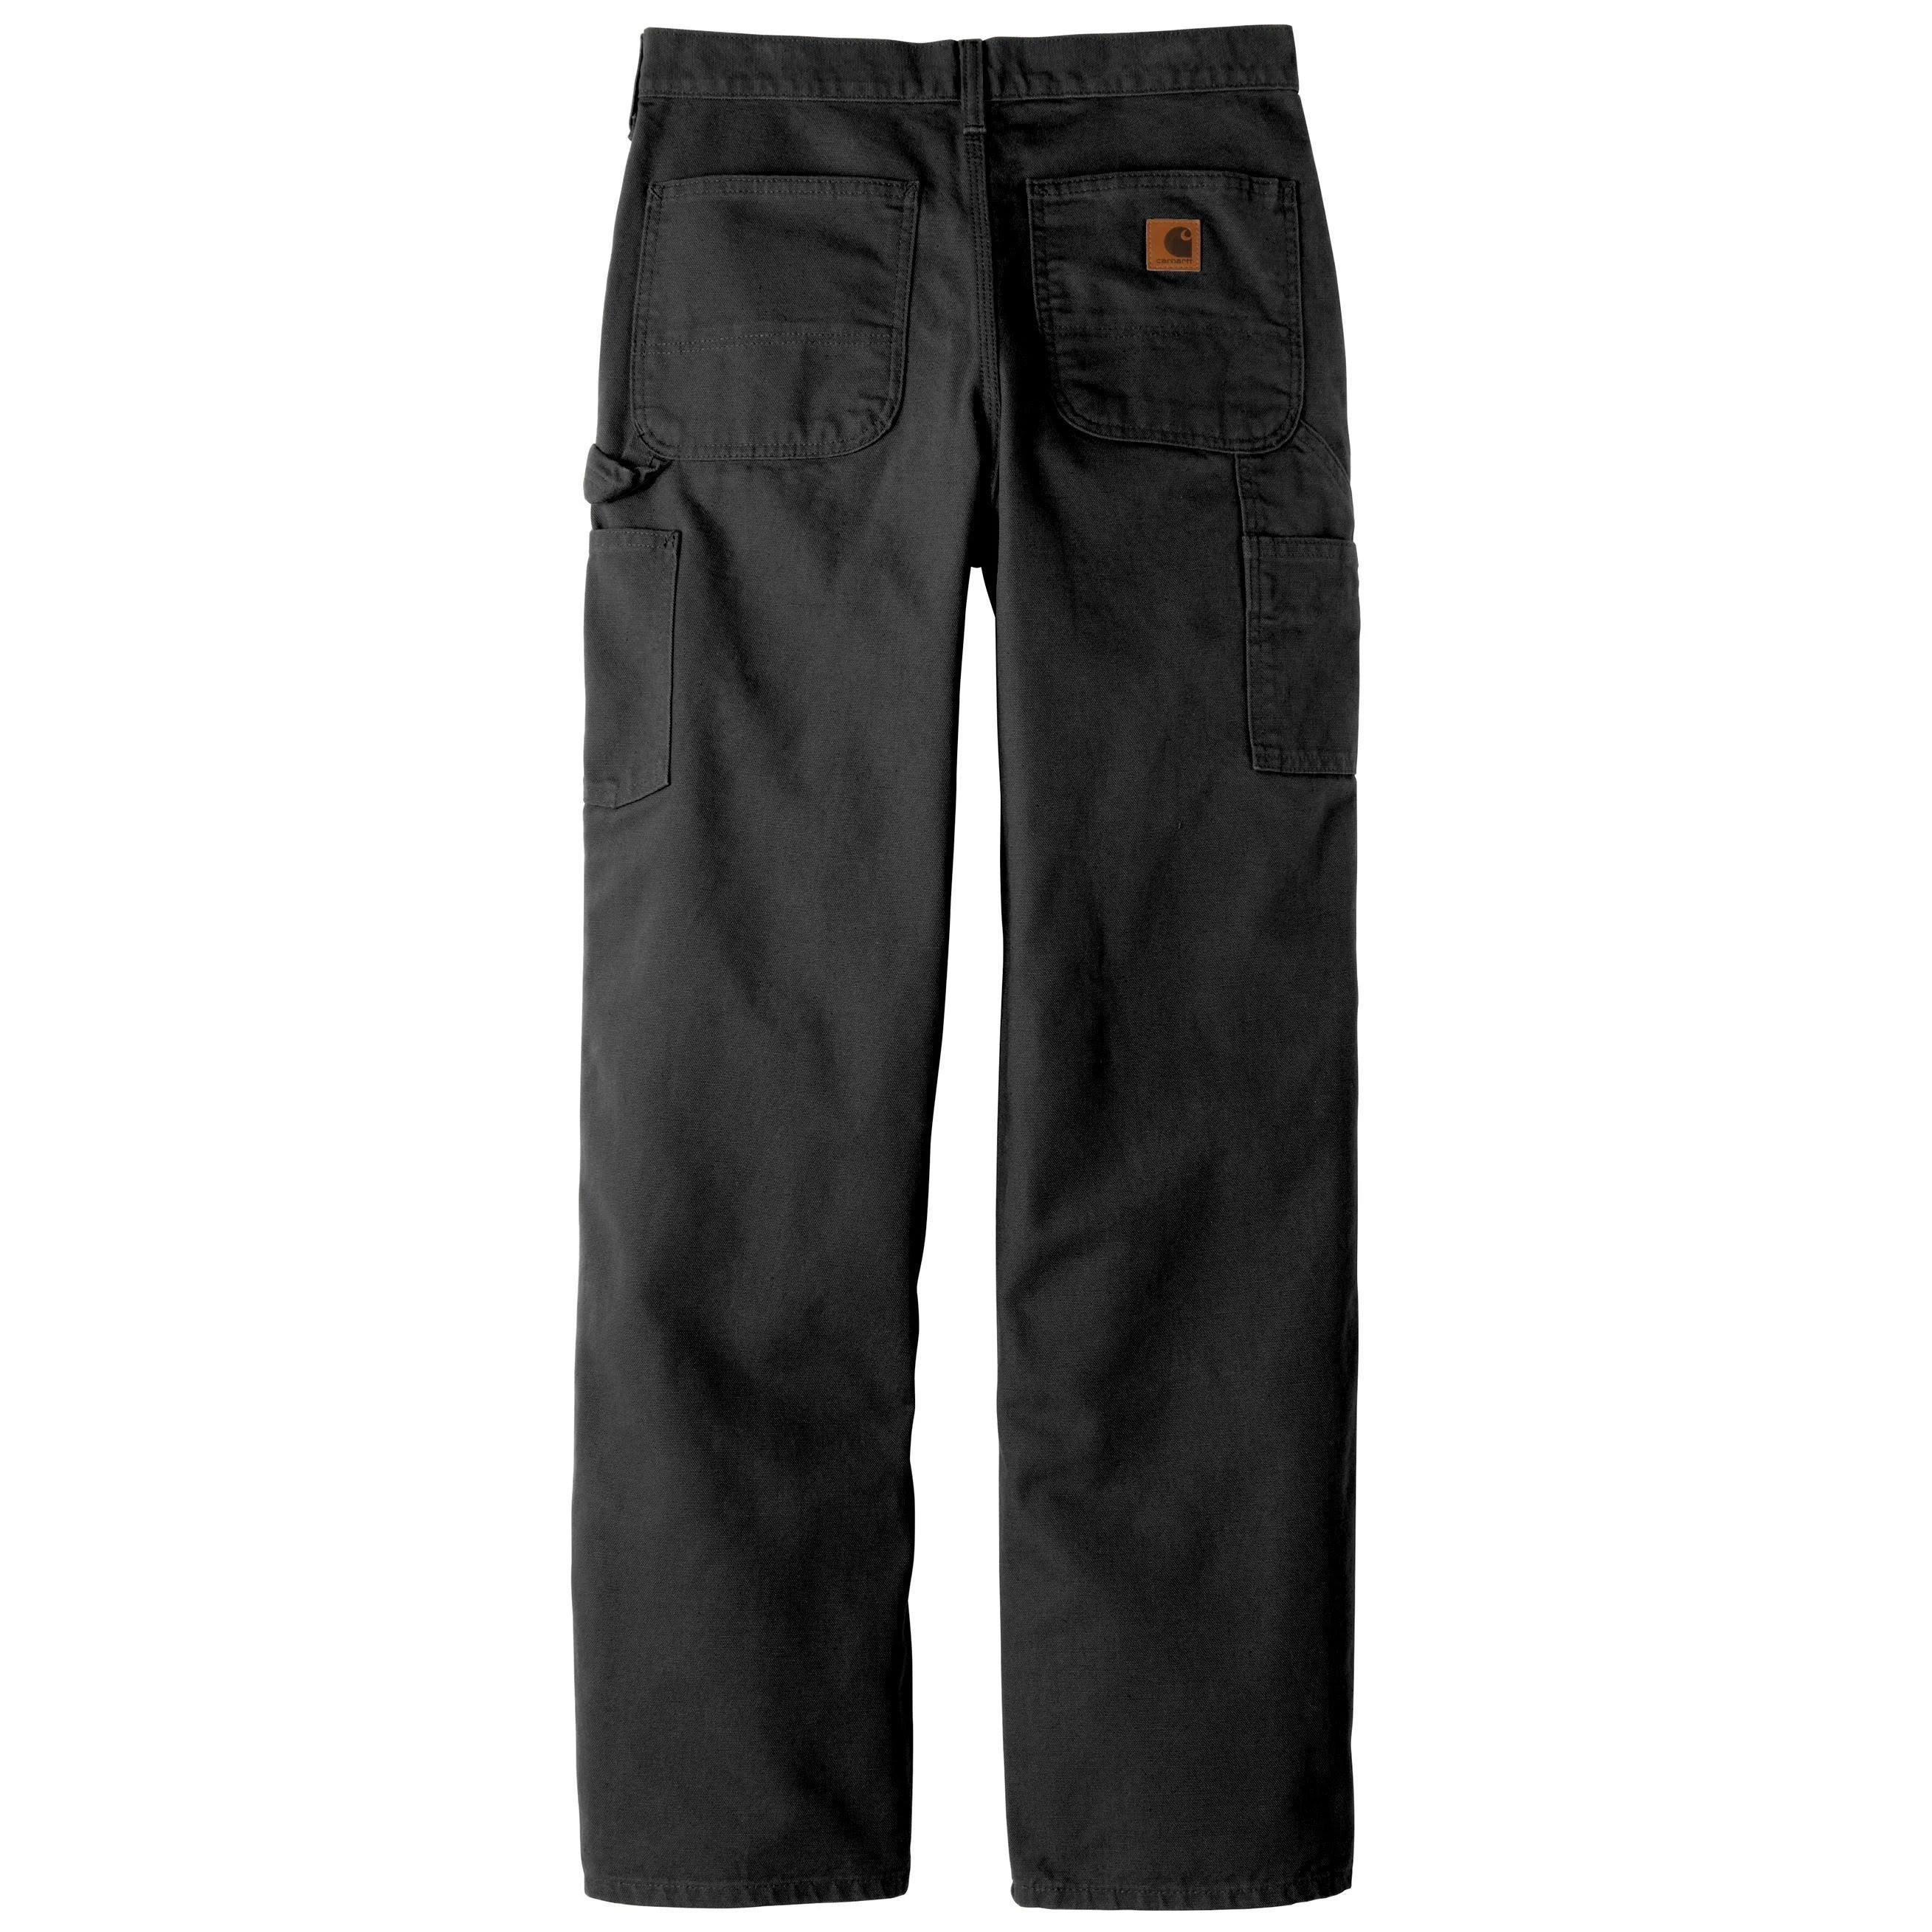 B11 - Men's Washed Duck Work Dungaree - Black - Purpose-Built / Home of the Trades
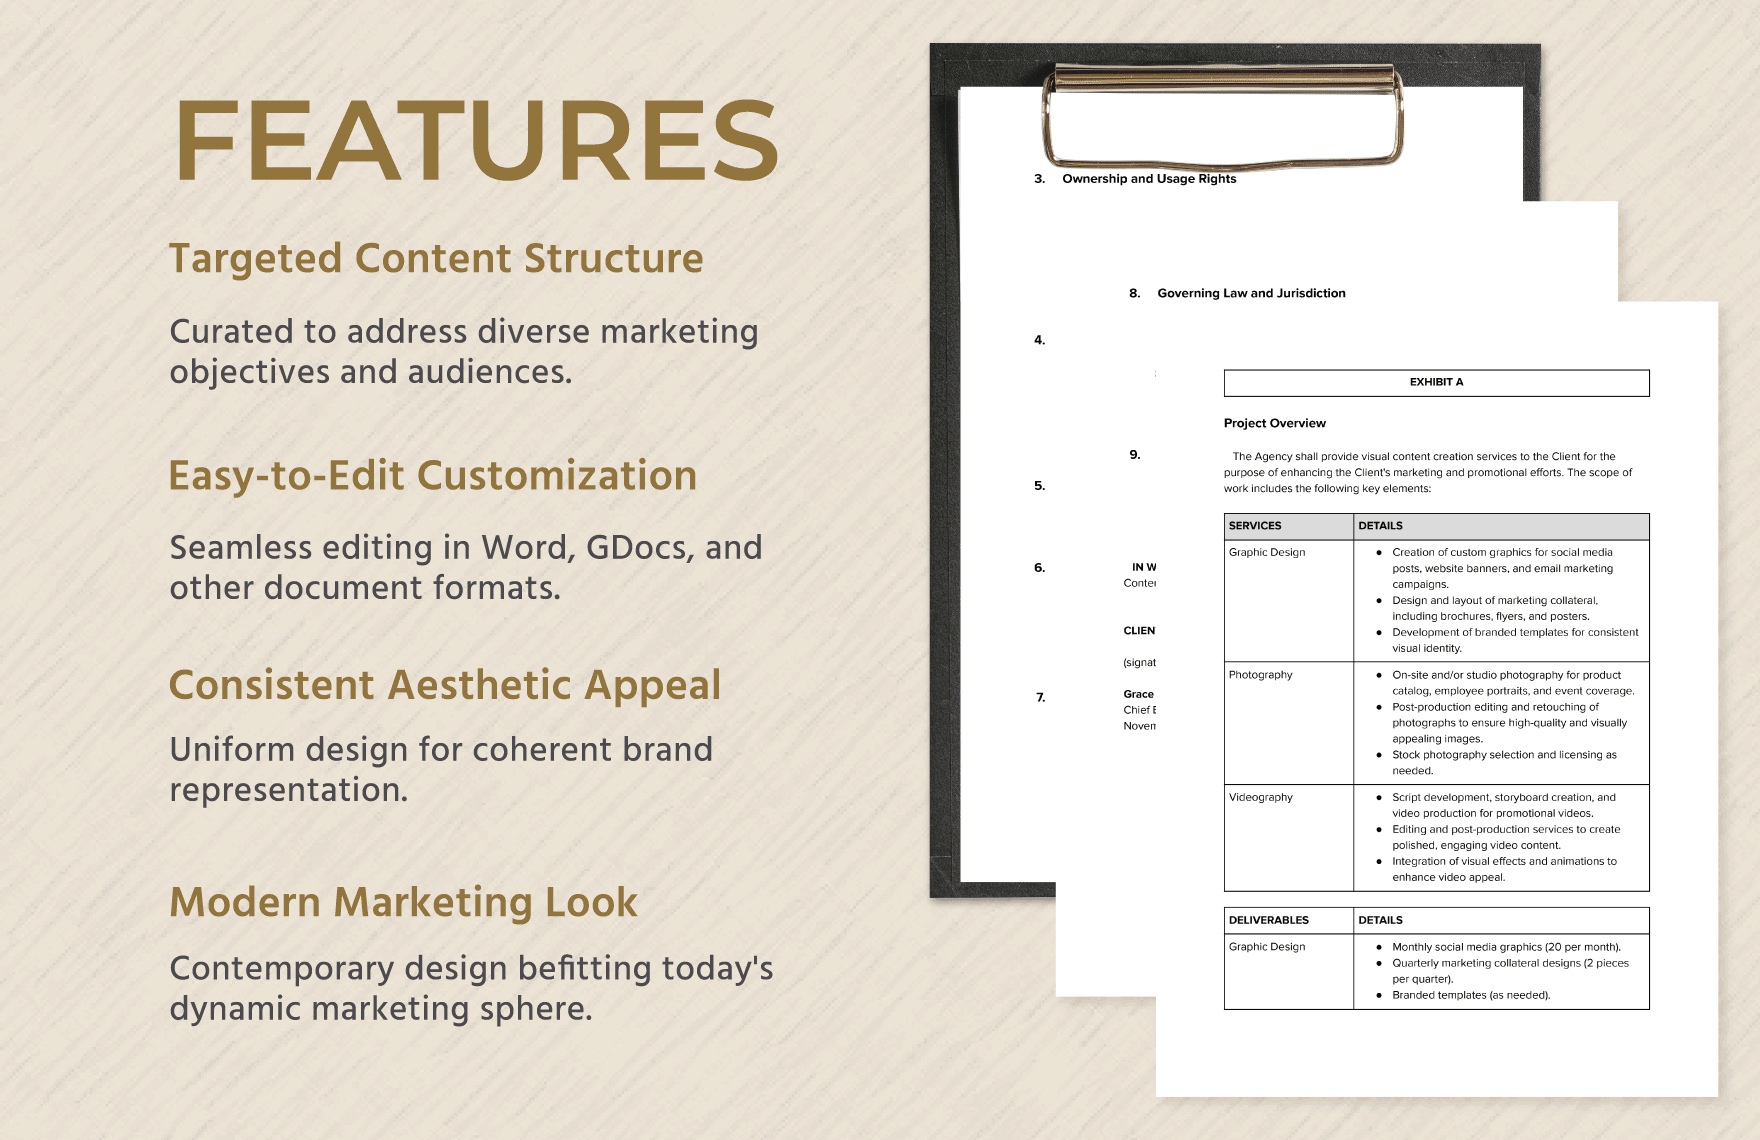 Marketing Visual Content Creation Contract Template
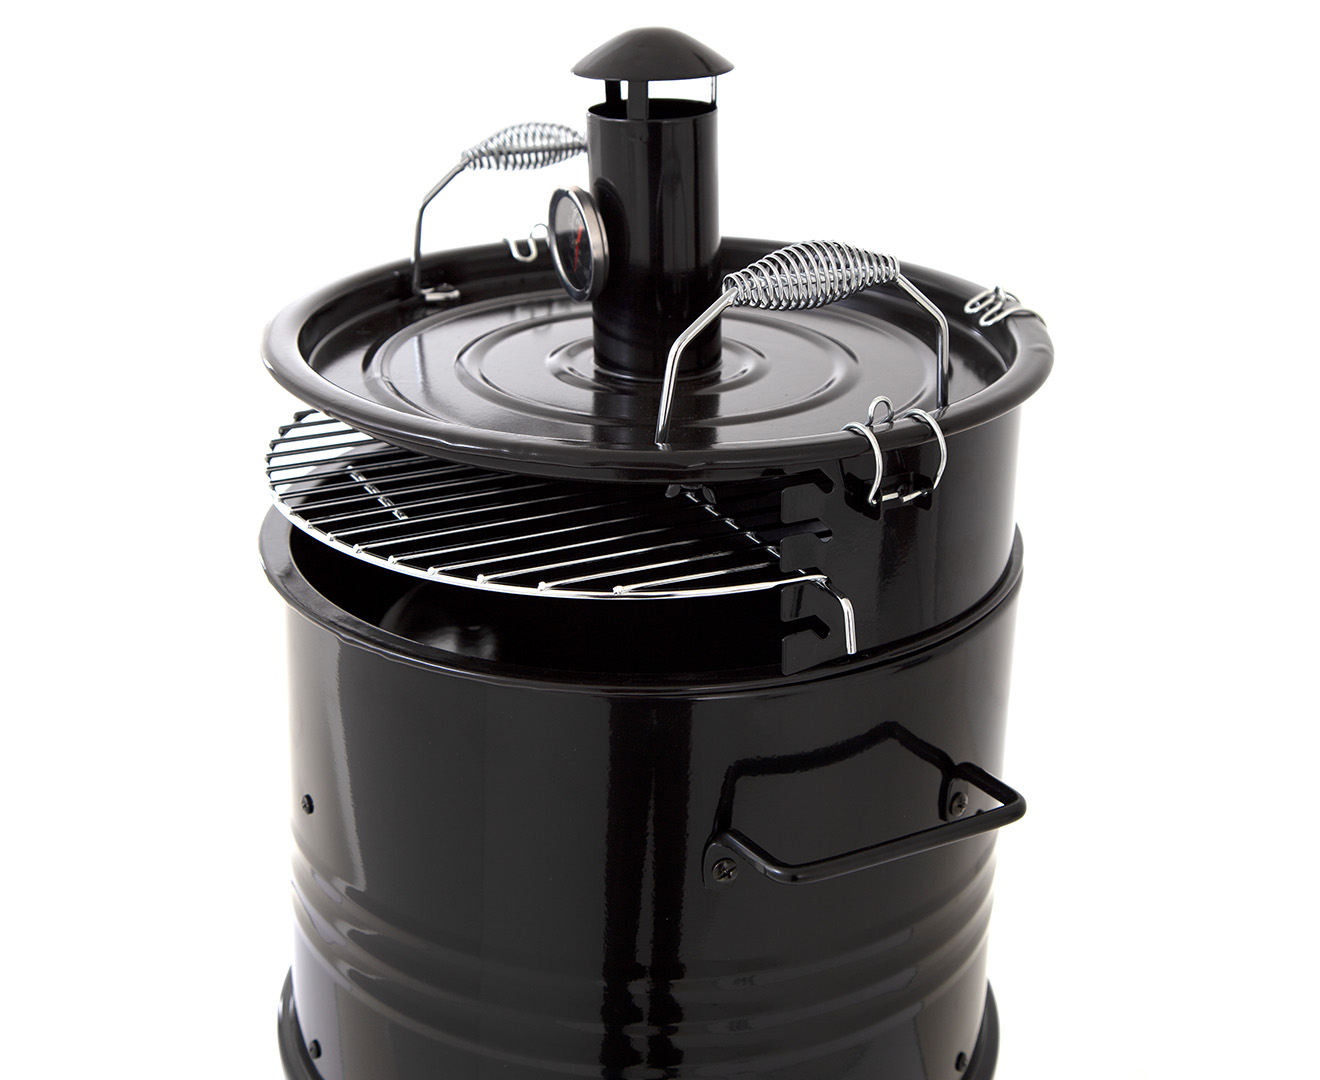 Charmate Barrel Shape Charcoal Grill 4-in-1 Smoker and BBQ | Catch.com.au
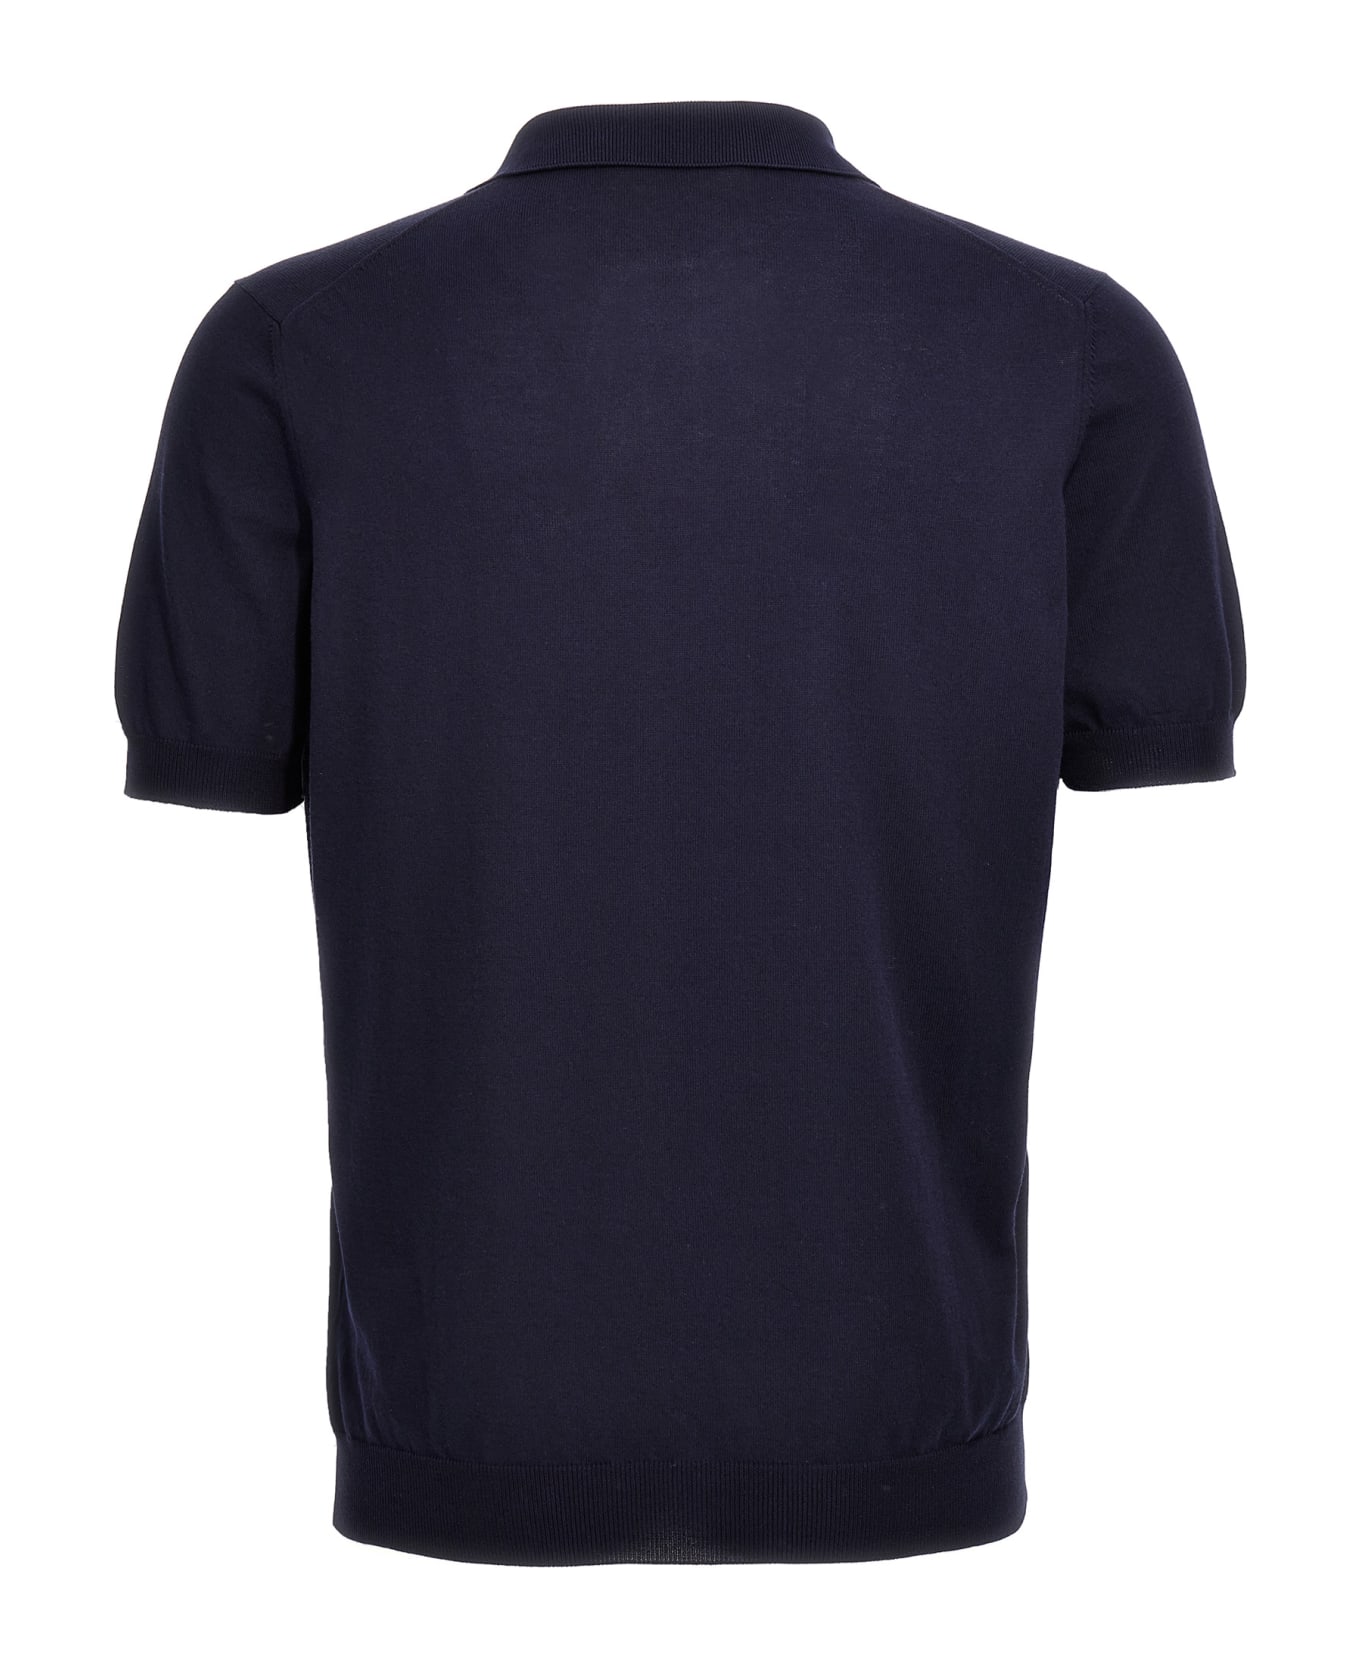 Tagliatore Knitted Polo Shirt - Blue ポロシャツ
....
What you have to do:
All the data above is to be transcribed exactly, with no pictures included.

Answer to this task:
 B11 - Men's Washed Duck Work Dungaree - Black - Purpose-Built / Home of the Trades
 Marketing Visual Content Creation Contract Template
 Charmate Barrel Shape Charcoal Grill 4-in-1 Smoker and BBQ | Catch.com.au
 Tagliatore Knitted Polo Shirt - Blue ポロシャツ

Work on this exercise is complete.